Another aspect of the increasingly complex picture to take into account is that recent research findings have also called into question some previously held beliefs concerning free radicals. It is possible, some scientists believe, that free radicals actually play a role in preventing disease. Professor Jennifer Horton at the University of West Wyoming is one of a number of scientists who has found that in small amounts, the free radicals may help stimulate the antioxidant systems in our bodies. It is also becoming apparent that free radicals may play a fundamental role in the fight against disease; recent research in the UIC suggests that they kill off harmful bacteria and even cancerous cells.
Clearly, then, the use of bottled supplements with your diet is a practice to approach warily; and it is essential to keep abreast of new developments in research.

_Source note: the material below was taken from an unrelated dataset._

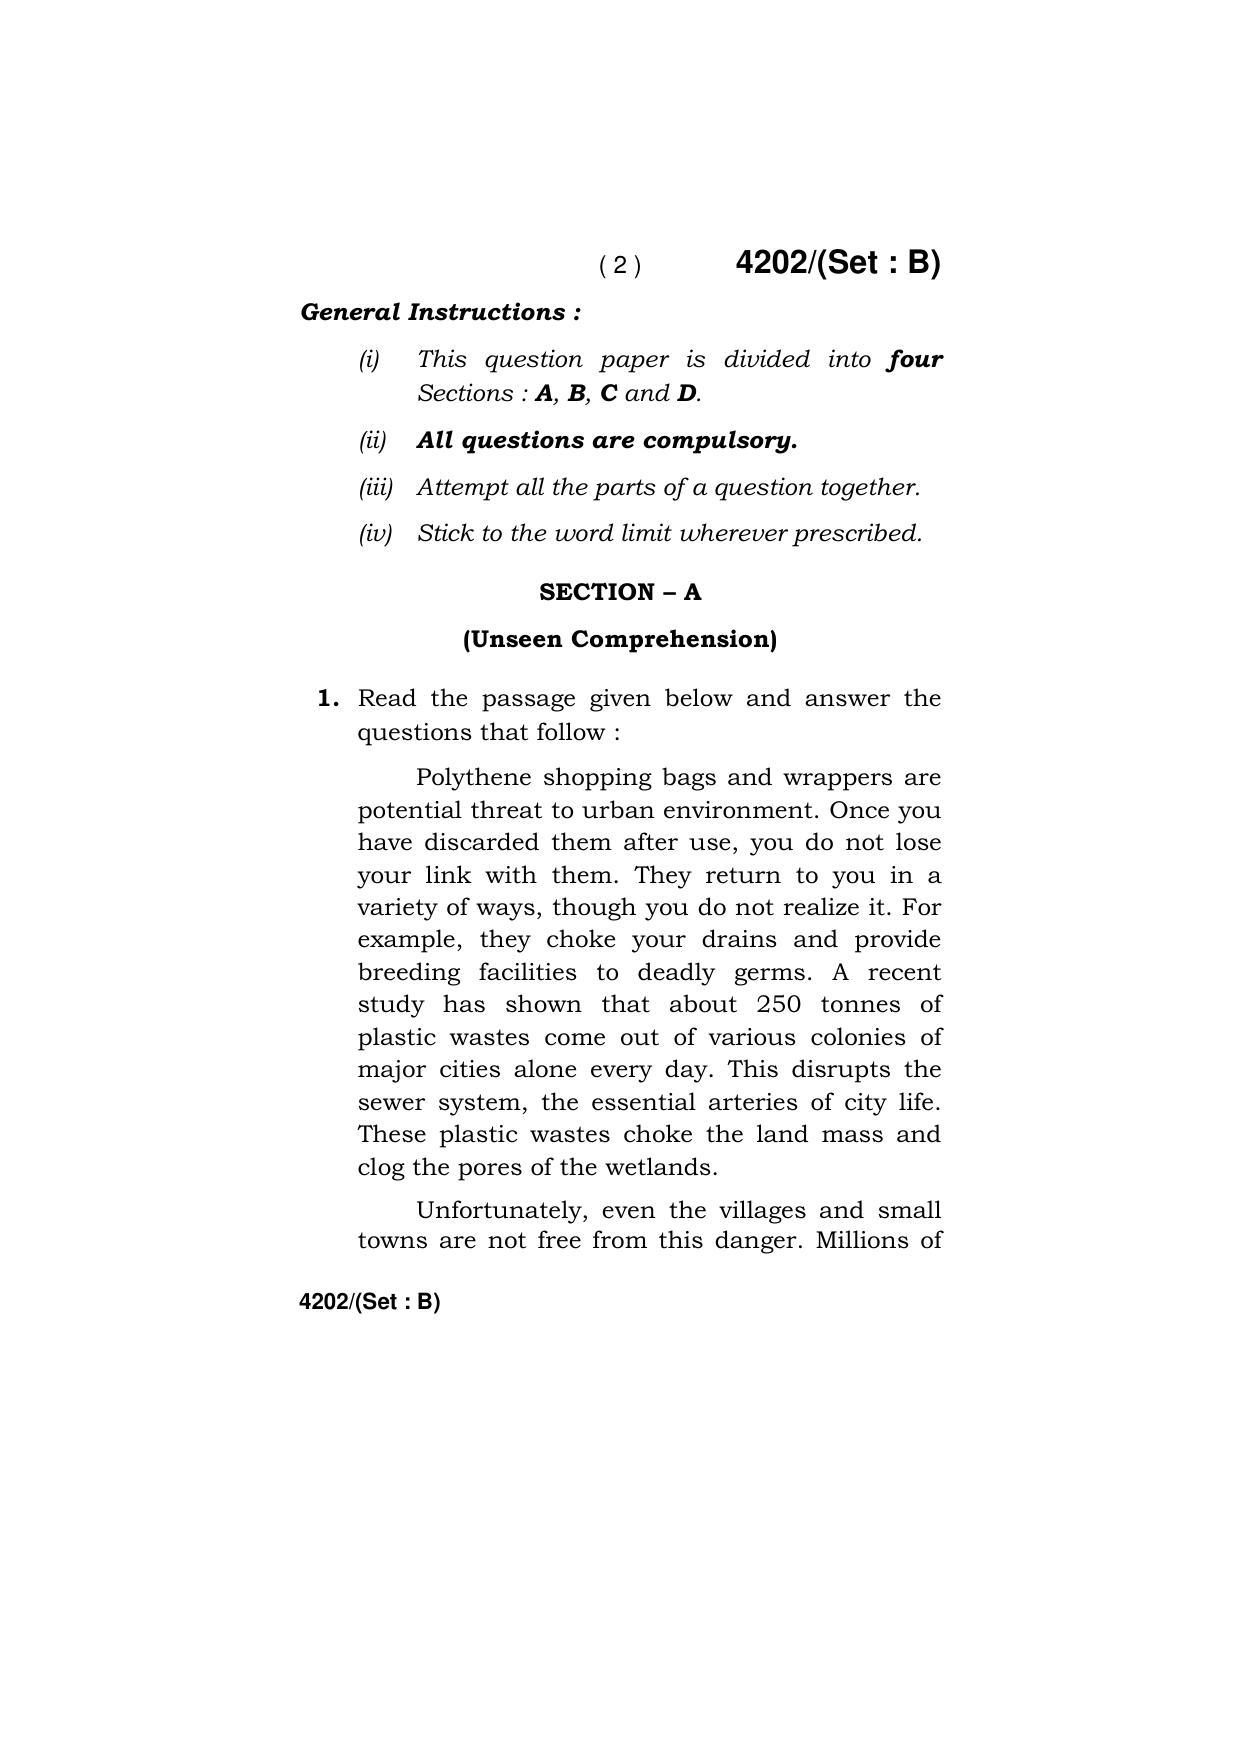 Haryana Board HBSE Class 10 English (All Set) 2019 Question Paper - Page 18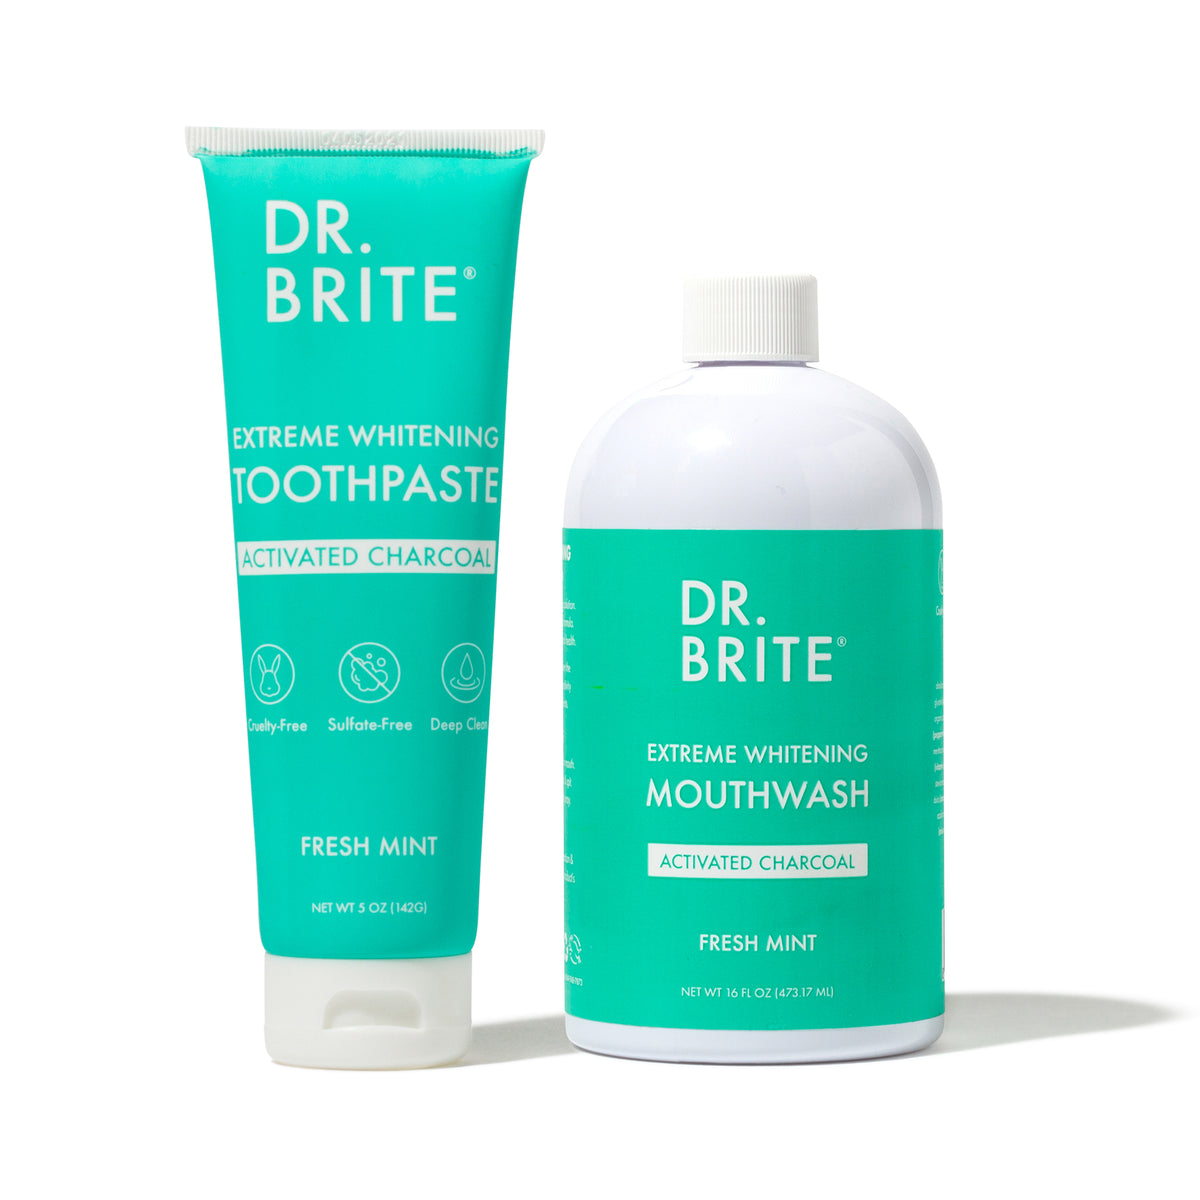 Extreme Teeth Whitening Toothpaste and Mouthwash - Duo

Ironically, those health-conscious individuals who already eat large quantities of fresh fruit and vegetables, whose diet does not include junk food and who get plenty of regular exercise and have less need for dietary supplements tend to be the ones who are most likely to use them.
Choose the correct letter A, B or C.
15 When introducing his discussion on antioxidant diet supplements, the writer notes that
A most supplements sold in pharmacies or health food shops have at least some proven health benefits.
B very few diet supplements are regulated by government health agencies.
C there is evidence that some dietary supplements can be bad for your health.
D only a few products offer real protection against ageing, heart disease and cancer.
16 In the fourth paragraph, the writer’s main point is that
A very high doses of antioxidant supplements can harm the liver.
B US doctors prescribe pro-vitamin A to patients.
C the clinical trials did not produce any conclusive results.
D antioxidant supplements can increase the risk of some cancers.
17 According to the writer,
A recent studies have confirmed the benefits of antioxidants.
B vitamin C supplements help to decrease the risk of heart disease.
C the European Union endorses some higher-dose vitamin supplements.
D some governments have banned a number of higher-dose vitamin supplements.
18 The writer suggests that
A it is better to take vitamin supplements than not to take them.
B it is important to be well-informed about vitamin supplements before taking them.
C people who exercise regularly should supplement their diets with vitamins.
D vitamins and antioxidants are less effective when consumed as food.
Do the following statements agree with the information in Reading Passage 2?
Next to Questions 19-24, write
TRUE if the statement is true according to the passage
FALSE if the statement is false according to the passage
NOT GIVEN if the information is not given in the passage
19 Vitamin supplements bought from health food shops can differ from those available at pharmacies.
20 Antioxidants eliminate free radicals from the body.
21 After the release of Professor Horton’s study the number of people taking vitamin supplements declined.
22 The findings of studies into the effect of pro-vitamin A resulted in some US drug companies going on trial.
23 The FDA and the EMEA have jointly funded research into the safety of certain higher-dose vitamin supplements.
24 Recent research suggests that small amounts of free radicals can help prevent disease.
Complete the sentences below with words taken from Reading Passage 2. Use NO MORE THAN THREE WORDS for each answer.
25 Professor Jennifer Horton says that small amounts of………………………may be beneficial for our bodies.
26 Some studies have indicated that vitamin supplements can be………………….
27 Free radicals may have an important function in………………………
28 ……………………………..people tend to be the ones who use bottled supplements.
29 You should……………………….the use of bottled vitamin supplements with caution.